--- START ---

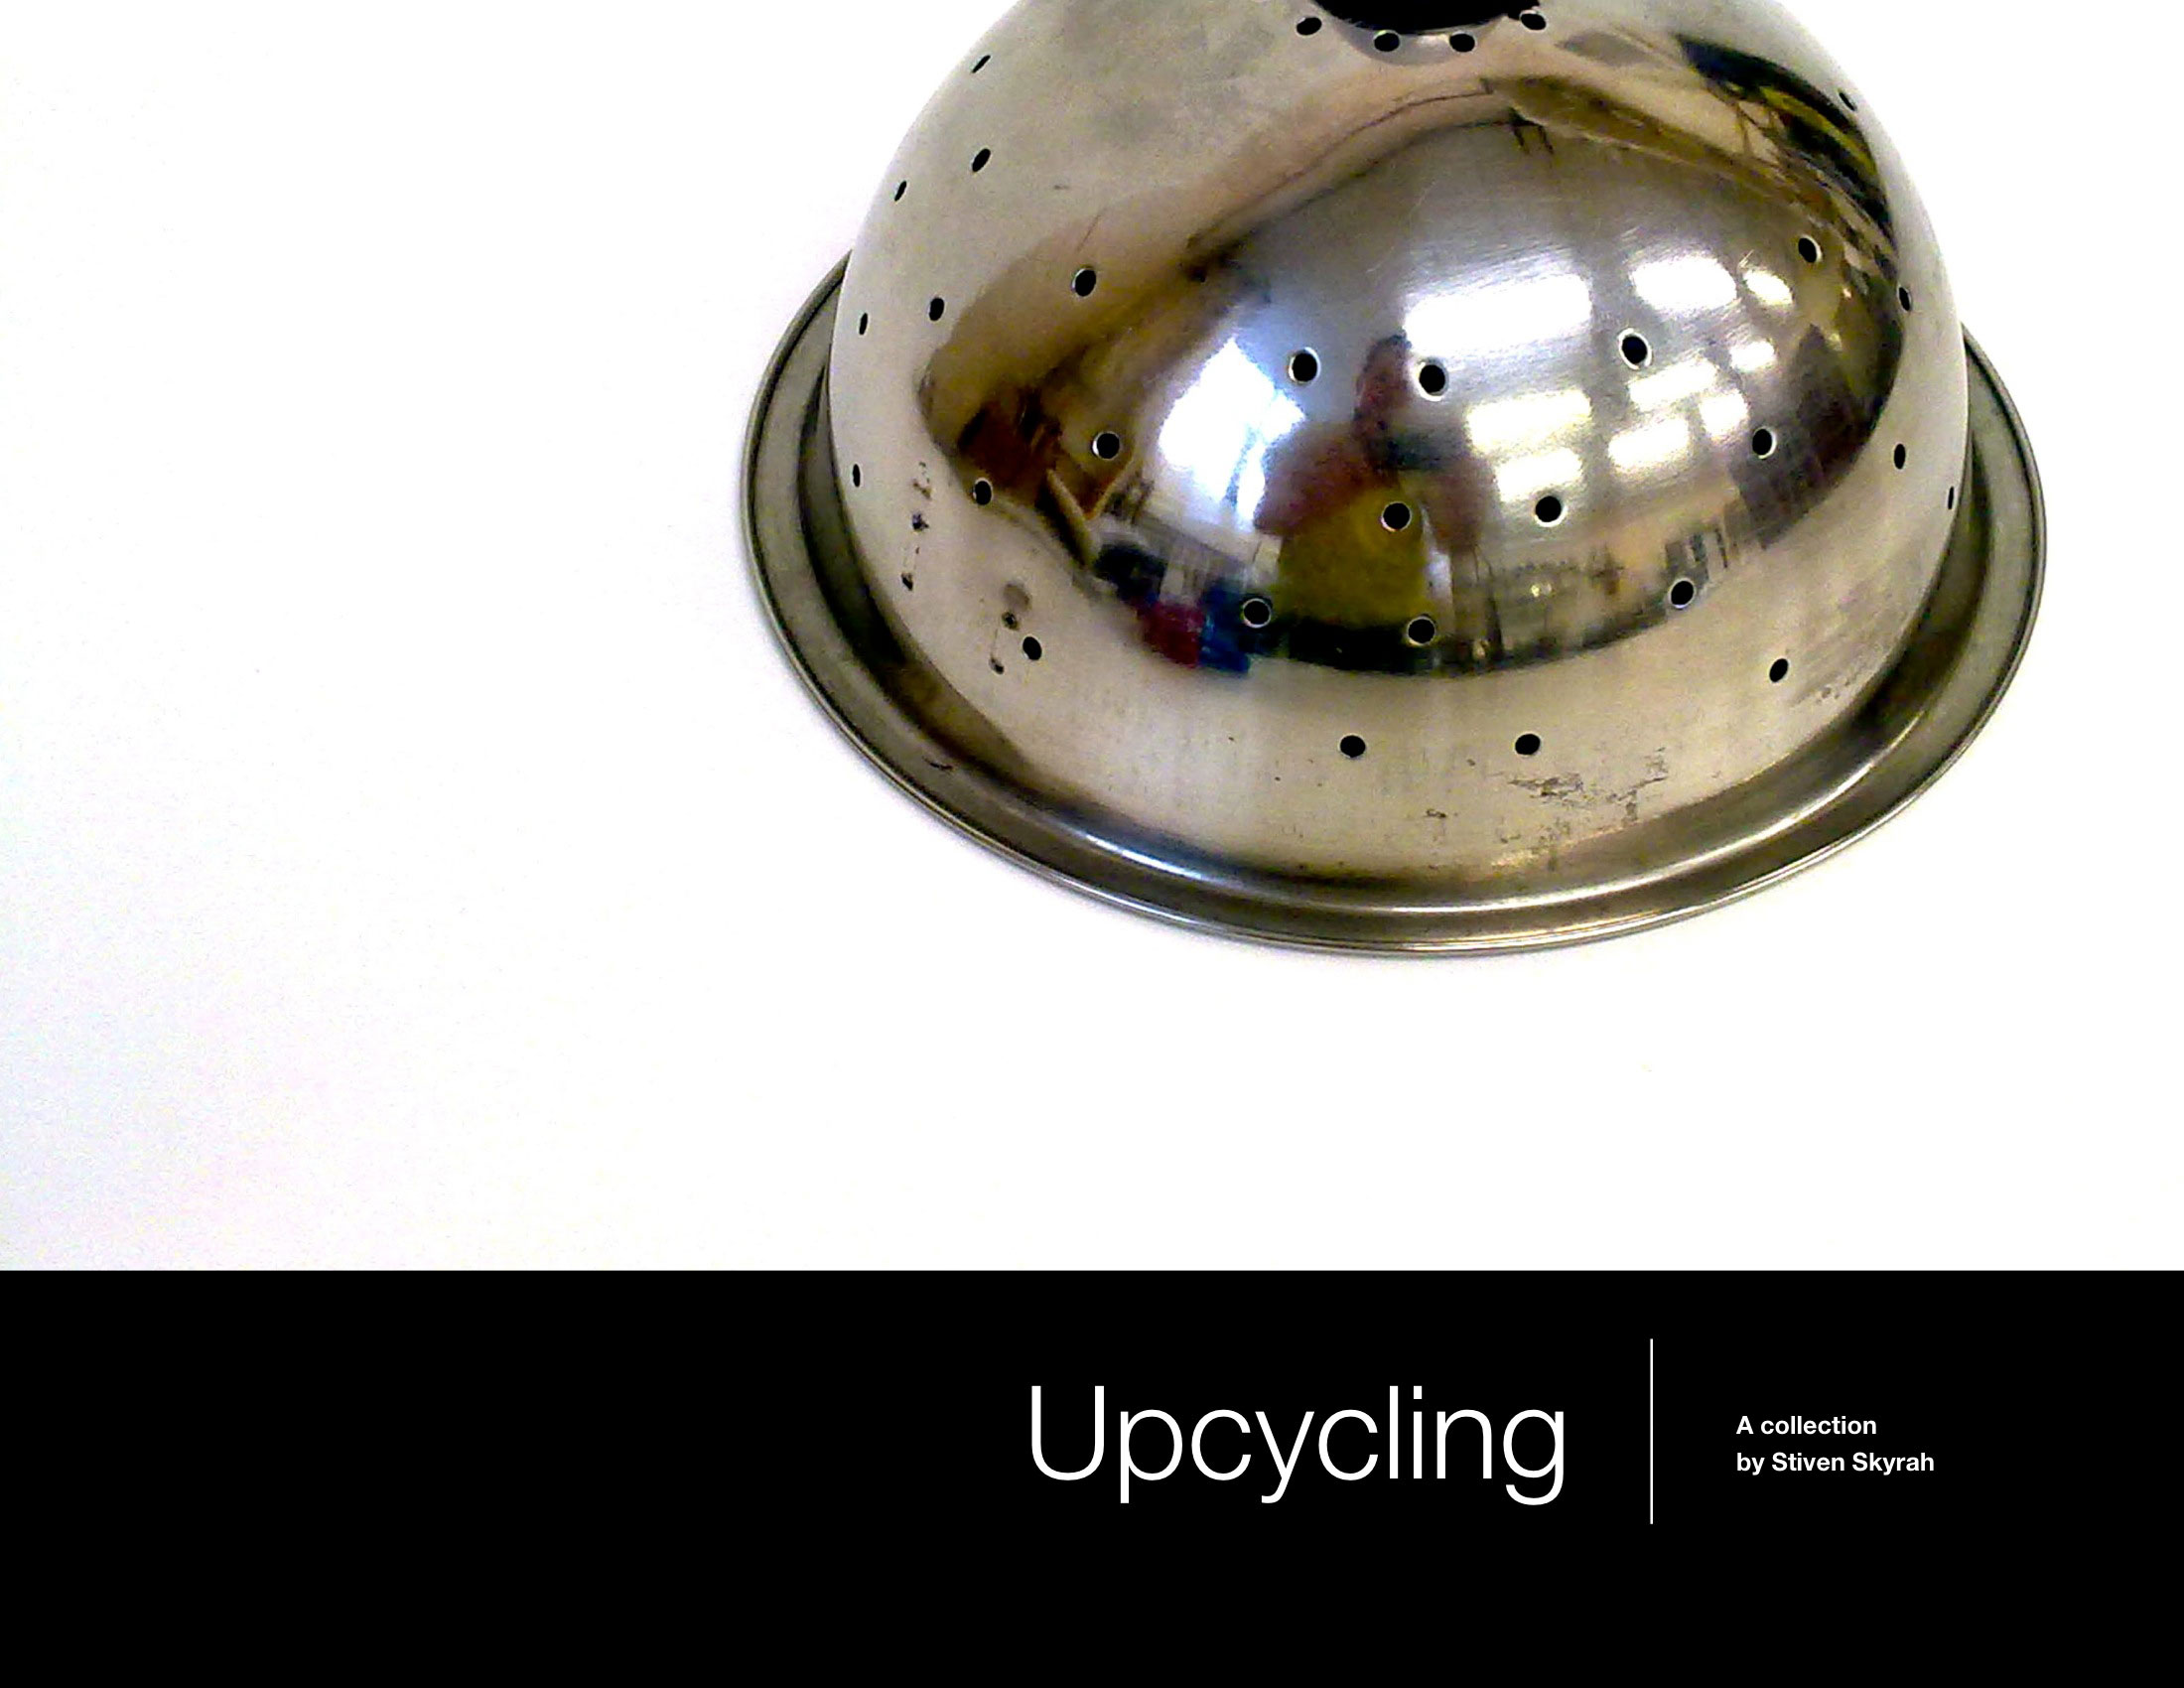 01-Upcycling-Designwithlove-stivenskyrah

--- END ---
--- START ---

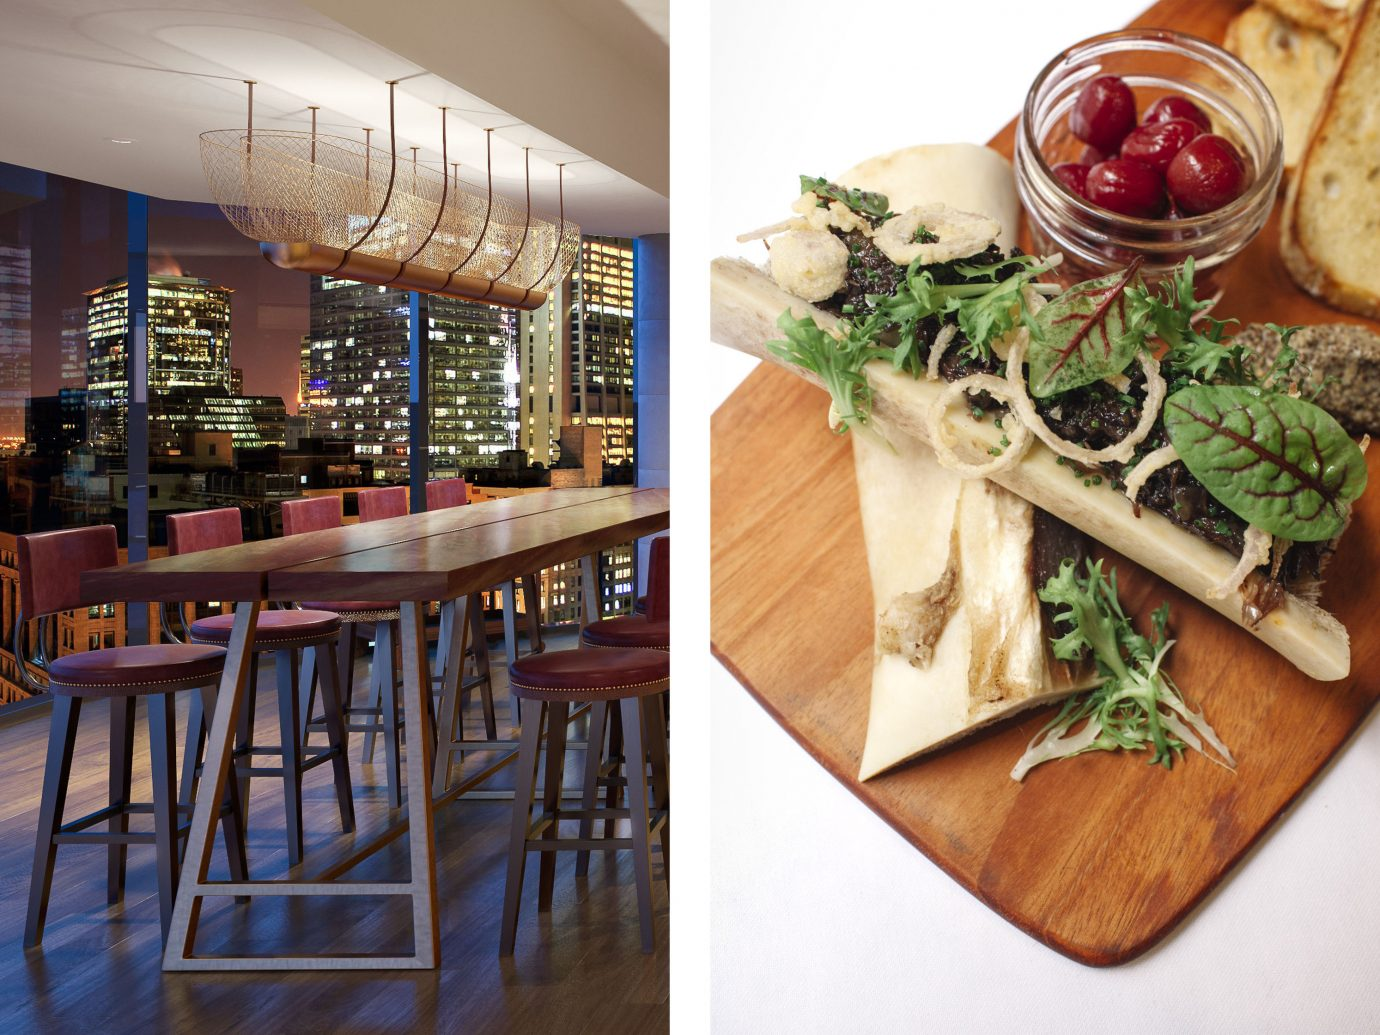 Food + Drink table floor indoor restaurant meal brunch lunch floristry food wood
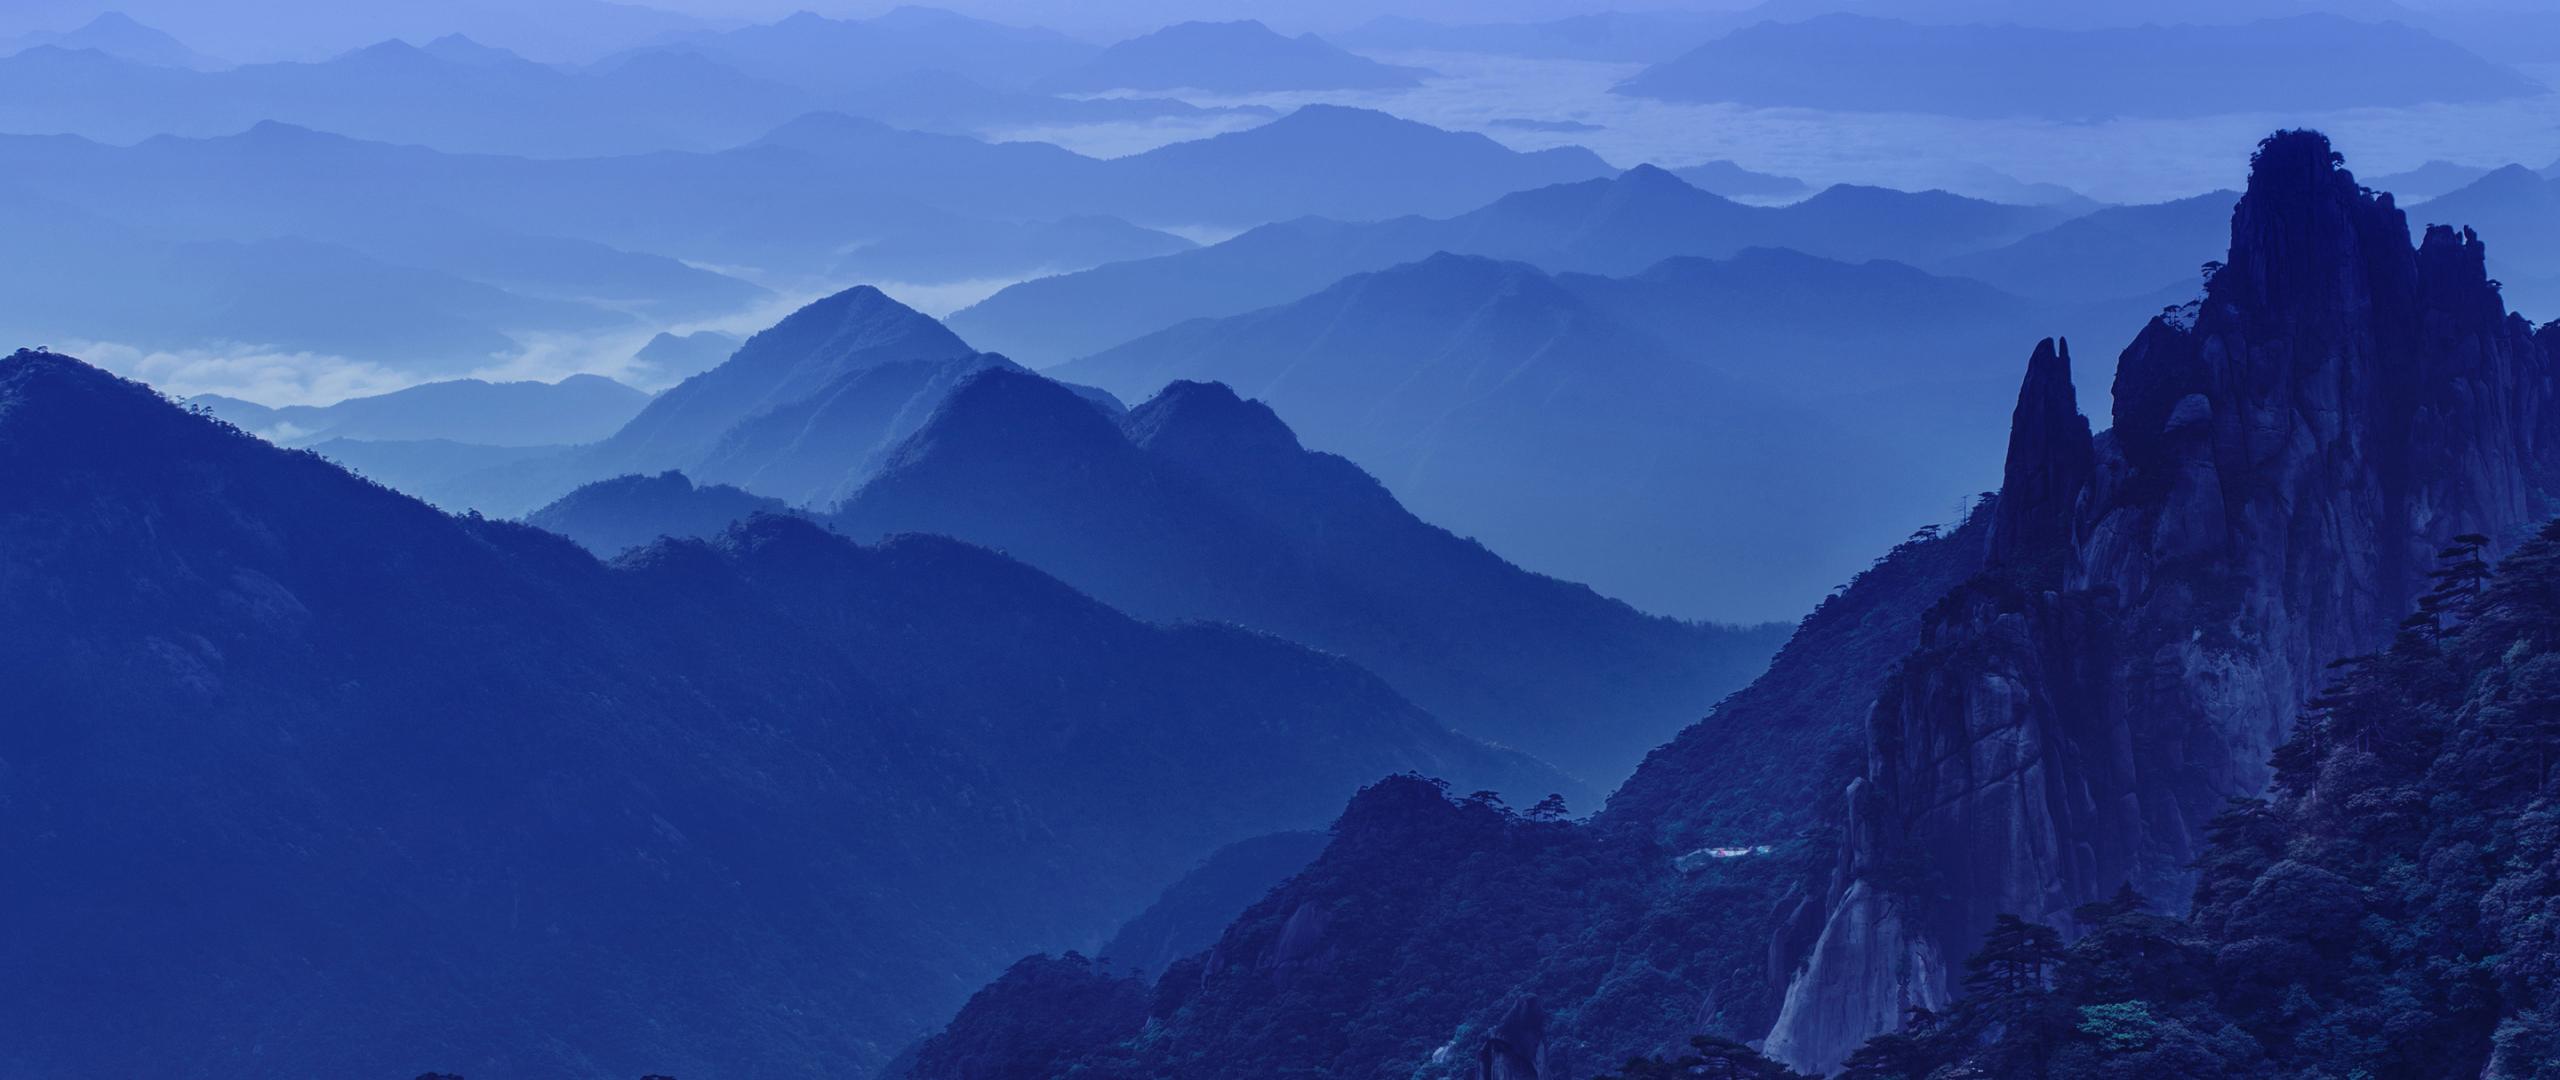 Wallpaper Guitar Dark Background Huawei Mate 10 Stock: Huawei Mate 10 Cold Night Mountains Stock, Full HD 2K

--- END ---

PROBLEM DESCRIPTION:
Pictures excluded, reproduce only the part above that opens with the line holding "Food + Drink" and closes with the line holding "Wallpaper Guitar Dark", exactly as written.

EXERCISE OUTPUT:
 Food + Drink table floor indoor restaurant meal brunch lunch floristry food wood
 Wallpaper Guitar Dark Background Huawei Mate 10 Stock: Huawei Mate 10 Cold Night Mountains Stock, Full HD 2K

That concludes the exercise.